Now, Colbert, Noah, Bee, Maher, Collins, Dowd, and all the others, let’s see if you can be brilliant enough to take our minds off of the Trump theatrics. We are addicted and we need effective rehab.
The facts of the little dramas get rehashed – the guy with an assault rifle walking into a pizza joint, the weird phone calls….  I hear about each flashy, unproductive spasm in the newspaper, then on the radio, then on each of the late night comedy shows, which I usually watch the next day. It become a real test of journalism and comedy — which entertainer can make the best case about a tale without substance — Ivanka sitting in with the Japanese prime minister, how much can you say about that? The problem is obvious.

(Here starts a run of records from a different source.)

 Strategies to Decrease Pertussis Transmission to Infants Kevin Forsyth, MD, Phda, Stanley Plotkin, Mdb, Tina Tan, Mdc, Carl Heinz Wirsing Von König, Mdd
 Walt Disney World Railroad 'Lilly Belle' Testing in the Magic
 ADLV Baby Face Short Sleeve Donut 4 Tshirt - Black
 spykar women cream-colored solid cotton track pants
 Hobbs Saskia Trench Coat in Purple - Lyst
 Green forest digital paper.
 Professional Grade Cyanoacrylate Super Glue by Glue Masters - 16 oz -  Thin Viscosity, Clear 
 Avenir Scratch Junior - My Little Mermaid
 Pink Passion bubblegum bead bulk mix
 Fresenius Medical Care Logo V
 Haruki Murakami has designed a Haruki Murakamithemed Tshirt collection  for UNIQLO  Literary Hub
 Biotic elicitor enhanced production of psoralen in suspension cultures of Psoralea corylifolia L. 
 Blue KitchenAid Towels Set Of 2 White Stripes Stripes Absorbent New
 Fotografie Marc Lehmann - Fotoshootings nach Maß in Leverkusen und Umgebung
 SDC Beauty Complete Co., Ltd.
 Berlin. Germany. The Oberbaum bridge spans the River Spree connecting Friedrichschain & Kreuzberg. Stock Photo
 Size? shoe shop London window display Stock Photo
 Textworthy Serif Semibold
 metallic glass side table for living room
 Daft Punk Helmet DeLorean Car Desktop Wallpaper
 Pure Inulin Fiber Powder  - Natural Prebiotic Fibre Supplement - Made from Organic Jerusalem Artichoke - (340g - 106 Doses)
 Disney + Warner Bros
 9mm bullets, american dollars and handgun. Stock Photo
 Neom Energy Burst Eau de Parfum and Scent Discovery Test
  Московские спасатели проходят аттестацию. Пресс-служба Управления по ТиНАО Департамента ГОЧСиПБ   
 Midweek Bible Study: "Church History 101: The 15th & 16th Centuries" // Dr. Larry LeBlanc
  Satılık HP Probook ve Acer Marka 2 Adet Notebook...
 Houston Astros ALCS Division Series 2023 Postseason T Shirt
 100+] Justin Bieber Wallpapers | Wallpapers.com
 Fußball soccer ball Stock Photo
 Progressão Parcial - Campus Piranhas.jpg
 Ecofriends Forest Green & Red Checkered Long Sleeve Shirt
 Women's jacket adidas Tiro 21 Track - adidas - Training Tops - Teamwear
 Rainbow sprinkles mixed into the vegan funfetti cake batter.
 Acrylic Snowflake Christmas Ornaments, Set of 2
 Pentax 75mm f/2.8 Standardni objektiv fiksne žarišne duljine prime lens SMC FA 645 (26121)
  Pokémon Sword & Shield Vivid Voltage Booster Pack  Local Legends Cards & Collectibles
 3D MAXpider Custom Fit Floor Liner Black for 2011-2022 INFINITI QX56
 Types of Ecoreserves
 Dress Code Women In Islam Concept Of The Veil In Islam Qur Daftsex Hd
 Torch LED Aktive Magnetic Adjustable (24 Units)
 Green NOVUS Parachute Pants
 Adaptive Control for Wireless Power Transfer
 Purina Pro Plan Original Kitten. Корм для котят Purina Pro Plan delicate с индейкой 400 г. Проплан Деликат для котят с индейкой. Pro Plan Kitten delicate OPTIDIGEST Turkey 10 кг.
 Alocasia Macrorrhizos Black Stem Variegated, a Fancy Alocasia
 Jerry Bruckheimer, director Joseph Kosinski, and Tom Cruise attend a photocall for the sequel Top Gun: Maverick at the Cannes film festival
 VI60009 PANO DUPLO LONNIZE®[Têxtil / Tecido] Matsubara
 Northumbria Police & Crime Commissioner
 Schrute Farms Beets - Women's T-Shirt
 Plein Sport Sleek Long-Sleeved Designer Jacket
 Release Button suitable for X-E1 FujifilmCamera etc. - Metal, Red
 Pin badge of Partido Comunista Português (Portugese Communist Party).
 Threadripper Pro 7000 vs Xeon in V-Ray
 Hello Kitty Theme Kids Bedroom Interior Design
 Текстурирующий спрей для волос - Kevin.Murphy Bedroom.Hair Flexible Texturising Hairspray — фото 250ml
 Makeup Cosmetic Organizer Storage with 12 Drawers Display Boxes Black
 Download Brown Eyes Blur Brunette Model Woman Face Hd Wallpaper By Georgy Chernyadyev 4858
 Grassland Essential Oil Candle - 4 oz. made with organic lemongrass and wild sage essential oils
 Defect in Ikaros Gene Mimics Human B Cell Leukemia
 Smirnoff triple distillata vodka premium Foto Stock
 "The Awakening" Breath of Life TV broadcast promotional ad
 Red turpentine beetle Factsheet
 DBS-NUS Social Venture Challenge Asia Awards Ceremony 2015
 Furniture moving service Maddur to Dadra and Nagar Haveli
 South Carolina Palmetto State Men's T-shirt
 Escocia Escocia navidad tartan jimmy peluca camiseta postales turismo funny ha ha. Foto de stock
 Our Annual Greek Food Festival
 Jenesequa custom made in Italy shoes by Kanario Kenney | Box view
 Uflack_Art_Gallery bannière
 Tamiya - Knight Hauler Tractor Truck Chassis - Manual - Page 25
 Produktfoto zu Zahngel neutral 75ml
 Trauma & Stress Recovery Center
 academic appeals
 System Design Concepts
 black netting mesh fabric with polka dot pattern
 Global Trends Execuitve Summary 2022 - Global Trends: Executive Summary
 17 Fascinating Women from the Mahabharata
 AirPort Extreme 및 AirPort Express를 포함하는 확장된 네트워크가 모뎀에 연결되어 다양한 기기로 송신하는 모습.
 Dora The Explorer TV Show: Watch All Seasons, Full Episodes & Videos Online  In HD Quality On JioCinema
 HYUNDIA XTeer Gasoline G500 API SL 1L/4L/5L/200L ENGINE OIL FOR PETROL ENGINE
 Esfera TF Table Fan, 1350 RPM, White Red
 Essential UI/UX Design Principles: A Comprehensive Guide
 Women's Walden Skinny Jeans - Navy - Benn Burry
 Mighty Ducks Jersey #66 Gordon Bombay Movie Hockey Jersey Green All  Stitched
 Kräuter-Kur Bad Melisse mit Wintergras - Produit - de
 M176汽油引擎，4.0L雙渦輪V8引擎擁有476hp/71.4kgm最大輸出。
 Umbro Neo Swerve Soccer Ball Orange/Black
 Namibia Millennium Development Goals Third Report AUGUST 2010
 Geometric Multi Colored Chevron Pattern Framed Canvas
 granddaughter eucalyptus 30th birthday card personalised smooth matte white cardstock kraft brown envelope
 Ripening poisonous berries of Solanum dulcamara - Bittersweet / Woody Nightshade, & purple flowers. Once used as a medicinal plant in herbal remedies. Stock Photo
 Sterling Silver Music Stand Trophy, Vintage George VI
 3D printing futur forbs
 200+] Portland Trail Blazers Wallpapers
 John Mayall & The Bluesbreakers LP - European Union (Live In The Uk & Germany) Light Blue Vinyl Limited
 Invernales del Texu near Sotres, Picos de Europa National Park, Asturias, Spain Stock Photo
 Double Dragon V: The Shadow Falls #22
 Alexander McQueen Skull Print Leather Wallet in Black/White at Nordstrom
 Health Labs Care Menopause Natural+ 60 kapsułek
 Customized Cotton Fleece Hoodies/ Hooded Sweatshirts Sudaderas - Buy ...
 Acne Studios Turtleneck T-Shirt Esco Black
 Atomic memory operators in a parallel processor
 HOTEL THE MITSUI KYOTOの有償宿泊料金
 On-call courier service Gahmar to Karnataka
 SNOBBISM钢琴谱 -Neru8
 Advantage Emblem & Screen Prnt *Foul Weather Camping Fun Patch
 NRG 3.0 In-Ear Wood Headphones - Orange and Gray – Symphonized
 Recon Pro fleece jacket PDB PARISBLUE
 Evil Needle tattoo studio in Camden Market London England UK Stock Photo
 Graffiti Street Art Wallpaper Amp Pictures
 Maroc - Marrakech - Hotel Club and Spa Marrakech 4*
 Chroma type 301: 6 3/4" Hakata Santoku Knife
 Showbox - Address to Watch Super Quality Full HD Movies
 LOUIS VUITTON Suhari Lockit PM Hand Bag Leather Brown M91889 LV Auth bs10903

Is there nothing else to talk about? What about John Kerry?  Where is he? What does Hillary have to say about all this – I saw on Facebook that she has taken a walk in the woods. How do you ever get over such a defeat? The Metropolitan Opera has produced its first opera written by a woman in a century or so. Tiger Woods is back. The president of South Korea is cowering in her palace or wherever she lives, awaiting impeachment.  Brazil is liquefying with corruption. The Russian athletic doping scandal is plenty juicy. The Dakota pipeline protesters won what might be a fleeting victory, they are dancing and praying and flying drones.  Where are these stories?  Is Donald Trump all we can talk about?
This kind of publicity, even if it is ridicule, is how he plans to govern, and our entertainers and commentators are buying in.
Come on guys, let’s see what you’ve really got.